Posts Tagged ‘Multigrain’

The Cost of Homemade Bread

Thursday, February 5th, 2009

I make bread at home for a lot of reasons: I like how it tastes, I think it’s fun to make, I get to control what goes in it, and I feel connected to generations throughout history, across all classes and creeds, who in making bread daily expressed their humanity (yeah!). But the nagging question in these “trying economic times” ( :roll: ) is, does it save money? 

It was pretty easy to break down the costs for my standard bread which is from a recipe published in the March & April 2006 Cook’s Illustrated and yields two (~1.5#) loaves:

Ingredient Amount Cost/Oz ($) Total Cost ($)
Bob’s Red Mill 10 Grain Hot Cereal Mix 6 1/4 oz .1272 .795
Boiling Water 20 oz Free! Nothing!
Unbleached All Purpose Flour 15 oz .080625 1.209375
Whole Wheat Flour 7 1/2 oz .074375 .5578125
Honey 3 oz .243125 .729375
Unsalted Butter 2 oz .243125 .48625
Instant Yeast .275 oz .243125 .06686
Table Salt .76 oz .018846 .014323
Total Cost      3.86
Cost/Loaf      1.93

That’s $1.93/loaf or about 8 cents/oz of bread. A recent trip to Cub revealed the white Wonderbread can be had at the price of 2 for $3 for 20oz loaves. For good quality multigrain bread it’s probably a lot more; I haven’t bought bread in so long that I don’t know. Looks like baking bread at home saves a little money.

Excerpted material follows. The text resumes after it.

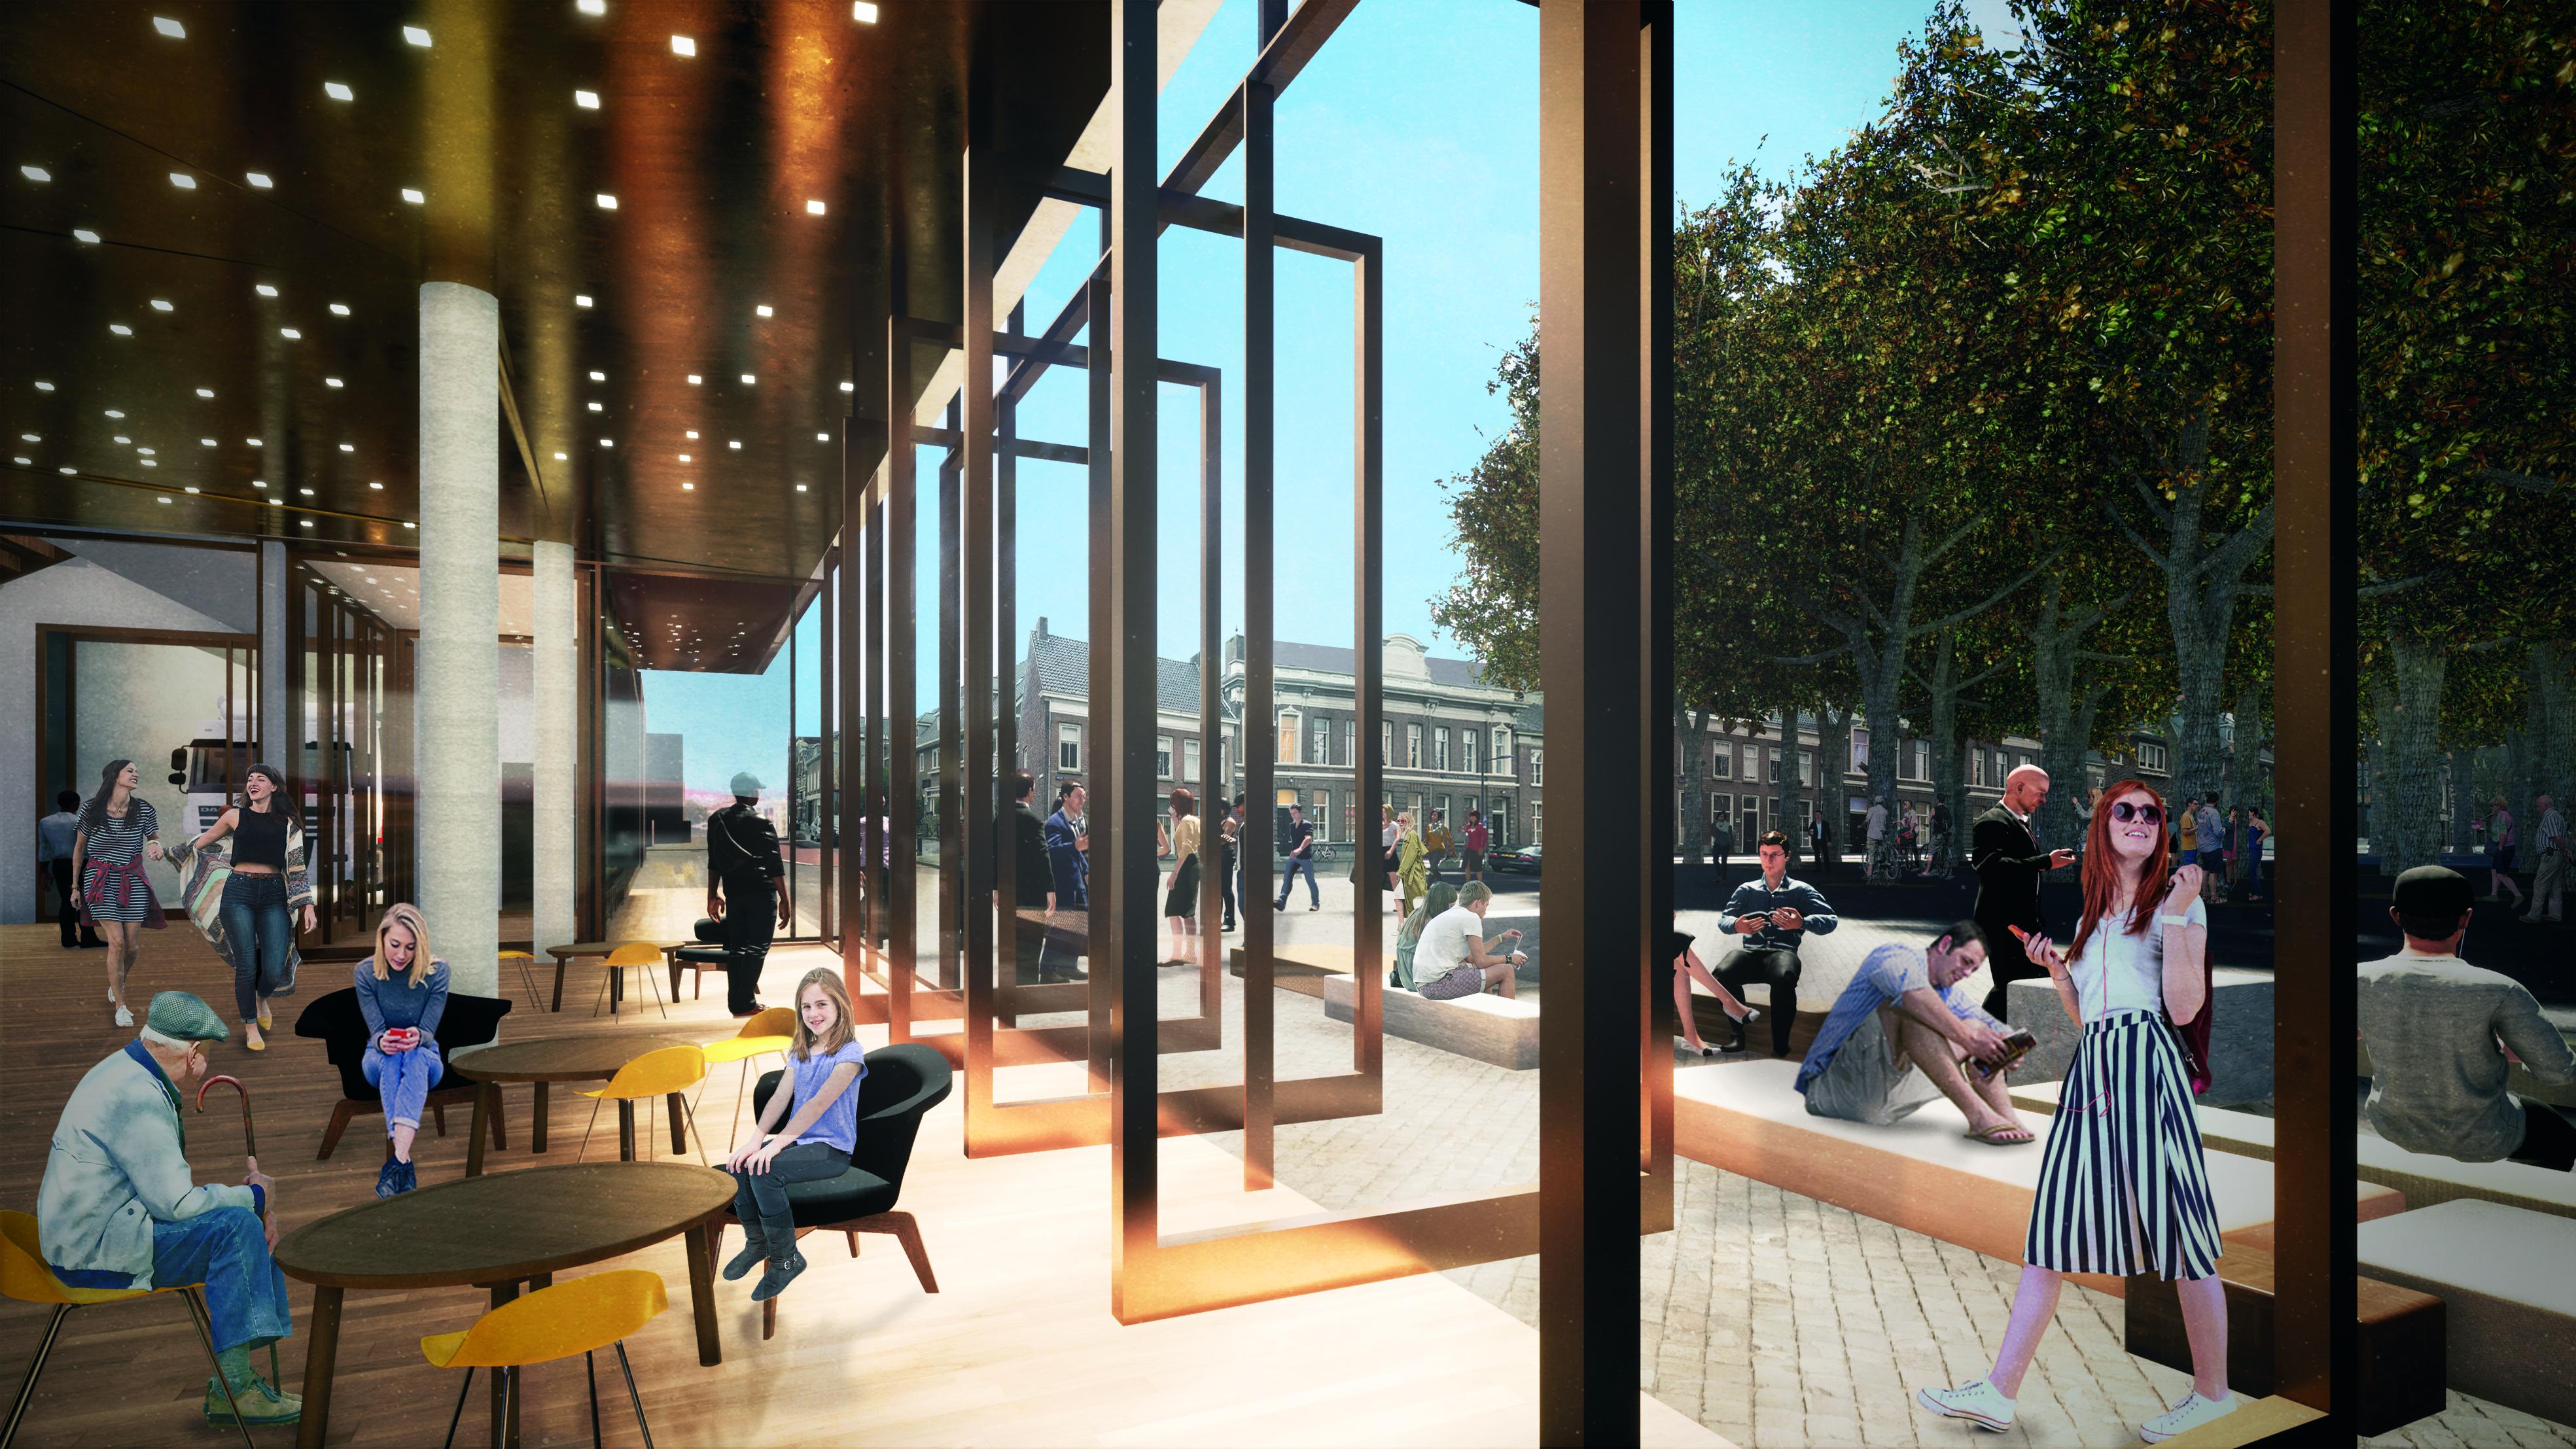 <p>Interieur cafe-entree. Theater aan de Parade door NOAHH   Network Oriented Architecture</p>

Saves money, that is, if you leave out the cost of labor (not to mention gas to heat the oven, electricity to boil the water, and cost of the water reflected in rent). Assuming my time is worth $16/hour counting just the active time for making this the bread costs more like $6 a loaf. For a lawyer to bake bread would cost much more! But baking bread is fun and fulfilling—it makes you human. And if you refuse to commodify your time, you are definitely saving money on the ingredients.

Obviously I’m not the first person to think this way. For a historical perspective, check out this letter to the NYTimes from 1916. Prices were also going up in the writer’s time: $1.10 for 24# of flour!

Finally, for those of you curious about the process behind this bread, it is very simple. First, pour the boiling water over the cereal and let it soak for one hour. After that, you mix in all the other ingredients and knead for ten minutes. Let the dough rise in an oiled bowl for an hour and a half, then divide it into two pieces. Shape the pieces into cylinders and proof in loaf pans for another hour, until they are bursting out of the pans. Bake at 375° for 35-40 minutes. Bread! For a more detailed explanation, check out Cook’s Illustrated #79, March-April 2006.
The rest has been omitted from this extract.